Directed by Frank Darabont. Starring Jim Carrey, Laurie Holden, Martin Landau, David Ogden Stiers, Gerry Black, Jeffrey DeMunn, James Whitmore, Catherine Dent, Karl Bury, Brian Howe, Allen Garfield, Ron Rifkin, Hal Holbrook, Bob Balaban, Brent Briscoe, Chelcie Ross, Amanda Detmer. [PG]

Lead-footed, old-fashioned “feel-good” drama suffocates the viewer in sentiment and sanctimony while celebrating an America that sadly never was and criticizing a Hollywood that sadly still is. Carrey is an up-and coming screenwriter in the early-50s who’s accused of being a communist, and after a night of heavy drinking, he drives his car off a bridge and wakes up in a Capra-esque small town where he’s mistaken for the long-missing G.I. son of Landau’s local, a ruse the writer participates in to spare the feelings of the old man and the rest of the town.

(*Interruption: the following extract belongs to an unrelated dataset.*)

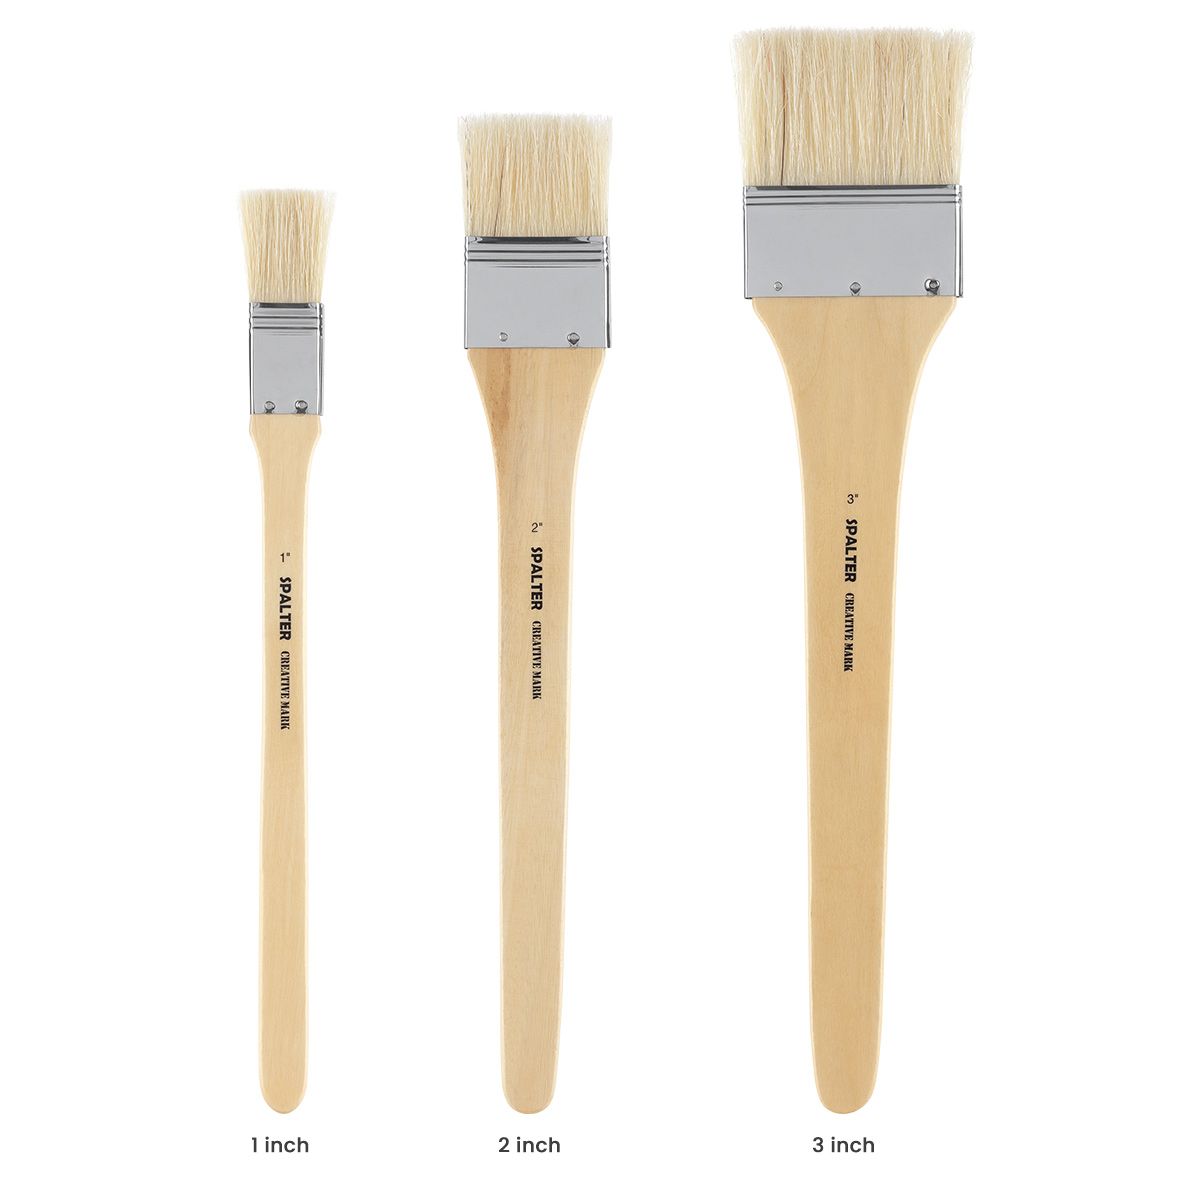 Set includes: 1", 2" and 3" wide, flat brushes

How he could be so easily mistaken for someone who’s intimately known by everyone in town is a fantasy element you either buy or you don’t (too much of a struggle for me); before that, the pic started on solid footing in Tinsel Town (replete with a most-welcome cameo from Bruce Campbell as a B-movie star—what range!), but it bogs down in a hurry after the accident, and not only does the movie never recover, but it seems to get worse and worse with each passing minute. Moves slow enough to make Meet Joe Black look like Crank, and is so interminably heavy-handed and simple-minded, it’s like having an ox named Nostalgia sitting on your chest for more than two hours. Even those who embrace the message and don’t mind poorly-manufactured pseudo-sincerity are likely to become bored by how inert and unchallenging the film is, and how hard it is to swallow anything that happens during the last thirty or forty minutes. Trapped somewhere beneath all the treacle is a worthy love letter to the silver screen and the magic of historic movie houses, but the effort needed to shovel down deep enough to get there isn’t worth it. Several filmmakers make voice cameos (Rob & Carl Reiner, Paul Mazursky, etc.), as does Matt Damon; Cliff Curtis appears in the flesh alongside Bruce Campbell in a black & white swashbuckler.